With the (reluctant) help of Noosa cop, Maria, computer genius Isosceles and a notorious con called Blonde Richard; Darian is going to get himself mired in yet another grisly case, once again proving that while he may be done with the police force, the force ain’t done with him.
‘Dead Girl Sing’ is the second book in Australian author, Tony Cavanaugh’s crime-thriller series, ‘Darian Richards.’
I loved Cavanaugh’s debut, ‘Promise’, and I’m thrilled that he has bought Darian Richards out for a second dance (with a third definitely on the horizon). I don’t get invested in many crime series; Karin Slaughter being my only other devout read. I tend to lose interest in crime series very quickly (which is why I don’t watch many crime series TV shows either). What I found though, that keeps me coming back, is terribly damaged characters. I don’t know what it is, but if there’s an underdog, grey-scale dubious anti-hero who I constantly flip between loving and loathing; then I’m there. I’m invested. I care. And there’s nobody more grey-scale than Darian Richards – an ex Melbourne detective who was rumoured to have a bad-guy kill-rate, but was also known to put crooked cops in their place (and in the ground).
This is a guy who admits to never having had a successful relationship; he pays by the hour for his companionship and that’s all he needs. He moved to Noosa to be closer to his one and only ‘friend’, an ex-brothel owner called Casey. And Darian seems to have an unlimited number of favours owed to him by any number of criminals from all over Australia. But, for all his murky ethics and questionable past, Darian is smart. He first put on the uniform at age nineteen, and even in retirement it looks as though his blood will never run anything but blue. This is especially obvious when a single phone-call from a girl he saved in ‘Promise’ has him driving, helter-skelter, down to Brisbane and the Gold Coast . . . where he reluctantly uncovers dead bodies, a missing cop, disappearing co-eds and a sex slavery ring masterminded by one of the most chilling femme fatales I've ever read.

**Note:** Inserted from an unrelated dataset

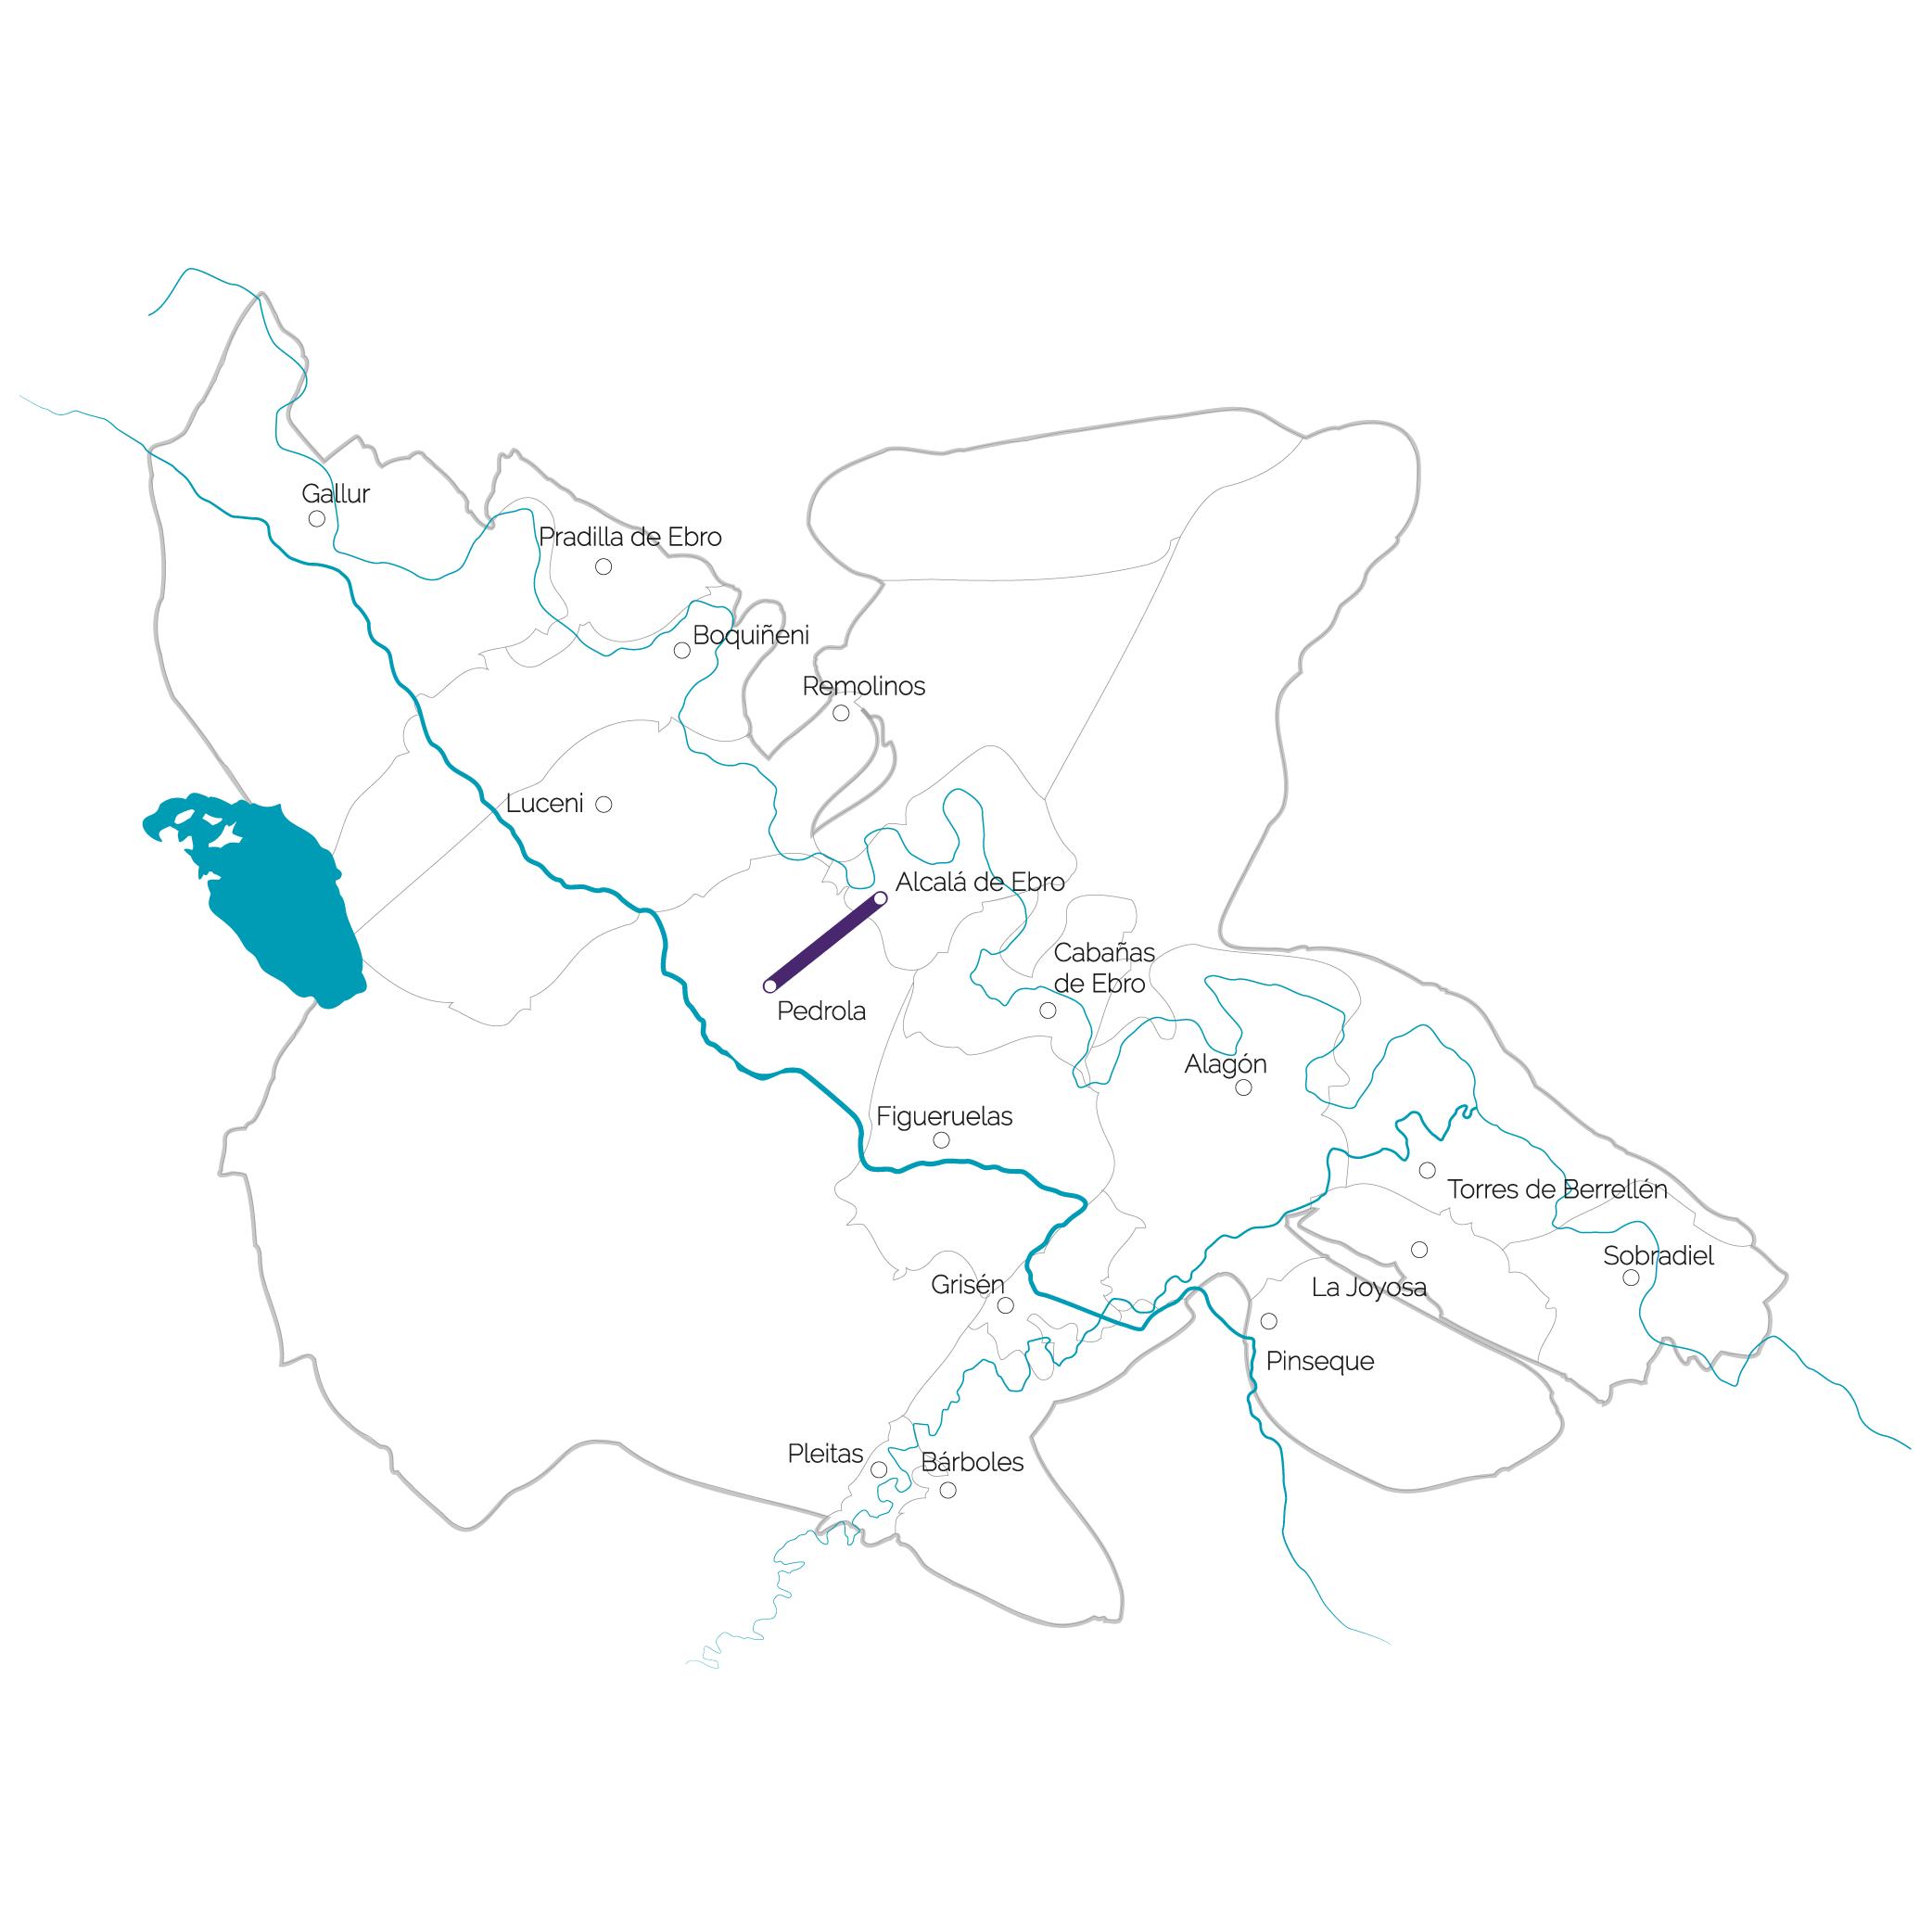 Un mapa de la comarca con la ruta temática del Quijote marcada en color

First: the Gold Coast setting is genius. Even more so for being set during the dreaded ‘schoolies’ week: when the recent high school graduates descend on this beachside city (sometimes called ‘Bris-Vegas’, for being Australia’s own big kids playground version of Las Vegas). Schoolies is full of drugs, alcohol, parties and hormonal teenagers doing anything and everything regrettable. Every year, without fail, schoolies week news-coverage involves stories of roofie rapes and teenagers falling to their death from hotel balconies. So this is the town and time of year that Darian is working in to uncover the murder mystery. And he’s trying to work alongside (or at least, not get in the crosshairs) of Q1, the #1 Queensland police station.

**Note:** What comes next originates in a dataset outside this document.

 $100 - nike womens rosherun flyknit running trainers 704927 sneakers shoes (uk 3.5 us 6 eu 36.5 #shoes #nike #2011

Something I love about Cavanaugh’s writing is that he has the intricacies of the Australian police scene well and truly sussed out. He writes about the force/service name change, the old grizzly detectives who’ve been in the game too long and in the case of the Queensland cops; he’s nailed their RayBan-wearing, muscle-bearing, nose-flaring inflated egos;
I knew they’d be a different breed, different from the boys on the Noosa hill, back up on the Sunshine Coast. Up there it’s Japanese tourists and stoned rich kids. Little guys growing dope and drink-driving. It’s tourism crime. Down here, on the Gold Coast, it’s hardcore. It was sleepy and laid-back in 1954. Now it’s a hellfire inferno. The waves kept crashing against the beach and the corks keep popping; it is a tourist playground, after all, but there’s a rumble-fuck not far below the surface. Step back from the beach and you can feel it, hear it, see it. The cops more than meet the need. They’re known to show off their guns to teenage girls. They don’t mind a bit of jackboot.
Something I said about ‘Promise’ reveals itself in this follow-up, to be Cavanaugh’s particular crime-writing style; gore and violence. Maybe it’s obvious to point out that there’s violence in a crime novel – but having dabbled in a few now, I can safely say that some writers pull back and, compared to Cavanaugh, are downright conservative. But the ‘Darian Richards’ series goes to dark places that are sometimes very uncomfortable. And Cavanaugh only seems to write violence against women – so you can imagine the dark and vicious stories involved. And in ‘Dead Girl Sing’ we’re dealing with sex slavery; so it is harrowing. And as a woman reading this, there are times when I swallowed bile. But what makes ‘Dead Girl Sing’ even more uncomfortable is the fact that the ‘bad guy’ is actually a young woman . . . ‘Starlight’ is the name she gave herself, and she’s disgustingly ruthless. She came from the slums of Rio, slept her way to London and then fought her way to Australia. She’s young and stunning – drop dead gorgeous, in fact – but she’s taken the hard lessons she learned in the slums and has decided to never have to claw her way out of that life again. She intends to stay on top, and anyone she has to dispose and sell to stay there is just collateral damage.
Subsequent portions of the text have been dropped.